Threat of UK break-up
The United Kingdom itself now faces a threat to its survival; Scottish First Minister Nicola Sturgeon said Thursday’s vote “makes clear that the people of Scotland see their future as part of the European Union.”
Her predecessor, Alex Salmond, said Scotland was now likely to push for a second independence referendum. It voted against seceding in 2014. Northern Ireland’s largest Irish nationalist party, Sinn Fein, said the result intensified the case for a vote on whether to quit the United Kingdom.
The global financial turmoil was the worst shock since the 2008 economic crisis, and comes at a time when interest rates around the world are already at or near zero, leaving policymakers without the usual tools to respond.
The body blow to global confidence could prevent the Federal Reserve from raising interest rates as planned this year, and might even provoke a new round of emergency policy easing from all major central banks, despite their limited options.
The Bank of England said it would take all necessary steps to secure monetary and financial stability.

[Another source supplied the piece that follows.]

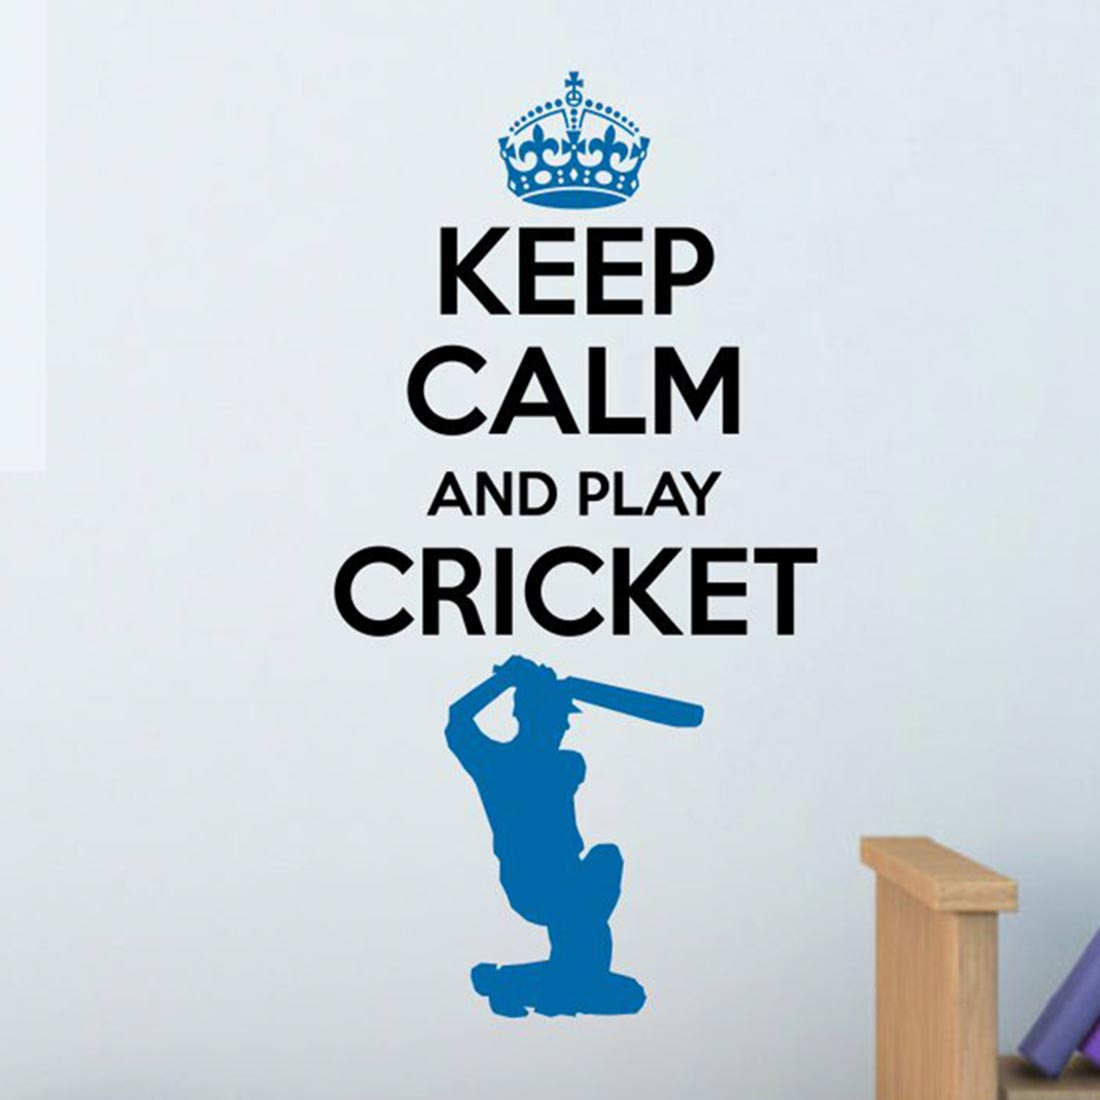 Keep Calm Quotes Play Cricket - Wall Stickers & Decals by Asian Paints

Japanese Finance Minister Taro Aso promising to “respond as needed” in the currency market.
EU affairs ministers and ambassadors from member states gather in Luxembourg by 10 a.m. (0800 GMT) for previously-scheduled talks that will provide the first chance for many to react.
Left unclear is the relationship Britain can negotiate with the EU once it leaves.
To retain access to the single market, vital for its giant financial services sector, London may have to adopt all EU regulation without having a say in its shaping, contribute to Brussels coffers, and continue to allow free movement as Norway and Switzerland do - all things the Leave campaign vowed to end.
EU officials have said UK-based banks and financial firms would lose automatic “passport” access to sell services across Europe if Britain ceased to apply the EU principles of free movement of goods, capital, services and people.
Aside from trade, huge questions now face the millions of British expatriates who live freely elsewhere in the bloc and enjoy equal access to health and other benefits, as well as millions of EU citizens who live and work in Britain.